Argument Description Required
-o, --out Path to the output folder Yes
--prefix Output files prefix string Yes
-g, --gtf Path to the GTF annotation file compatible with the BAM file Yes
-f, --fasta Path to the FASTA genome file compatible with the BAM file Yes
-s, --sam Path to the SAM/BAM file or directory of files Yes (if BAM)
--mate_1 Path to FASTQ file of mate 1 (for paired-end reads) Yes (if FASTQ)
--mate_2 Path to FASTQ file of mate 2 (for paired-end reads) Yes (if FASTQ)

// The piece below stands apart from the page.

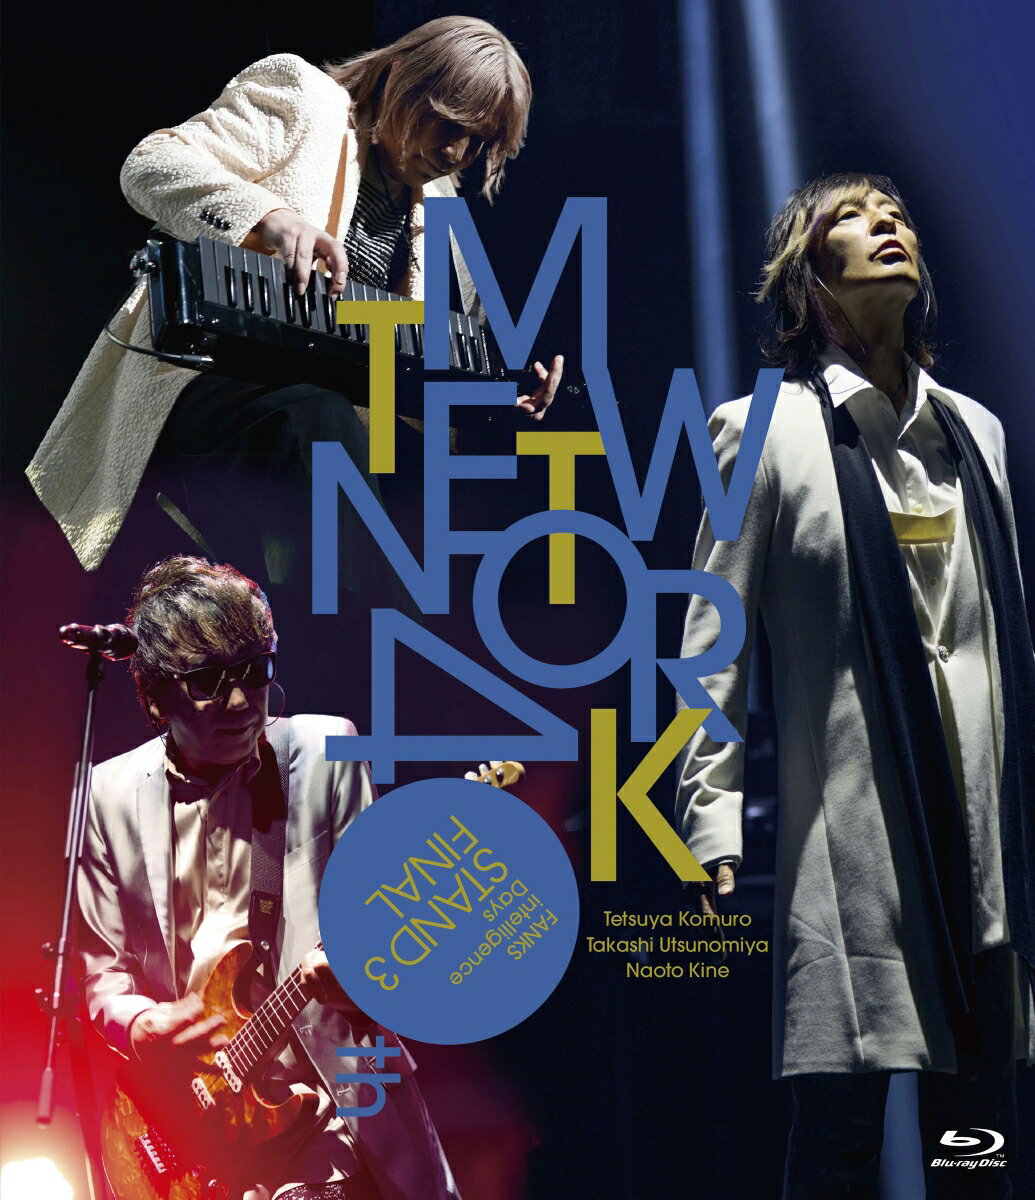 NEWS 20th Anniversary LIVE 2023 NEWS EXPO (初回盤＋通常盤 Blu-rayセット)【Blu-ray】 [ NEWS ]

--gsnap_idx Path to GSNAP index No
-c, --config Config .json file to control DeepSAP internal parameters No
--batch Batch size for inference No
--set_size Set size to split datasets for inference No
-t, --threads Number of threads No
--score_reads Classify also reads using the transformer model and add scores to SAM, as appose to only SJ No
--n_reads Number of reads to classify if --score_reads is used No

License/Terms of Use

By pulling and using the Parabricks container, you accept the governing terms: The software and materials are governed by the NVIDIA Software License Agreement (found at https://www.nvidia.com/en-us/agreements/enterprise-software/nvidia-software-license-agreement/) and the Product-Specific Terms for NVIDIA AI Products (found at https://www.nvidia.com/en-us/agreements/enterprise-software/product-specific-terms-for-ai-products/); except for the model which is governed by the NVIDIA Models Community License Agreement(found at NVIDIA Community Model License). ADDITIONAL INFORMATION: Apache 2.0.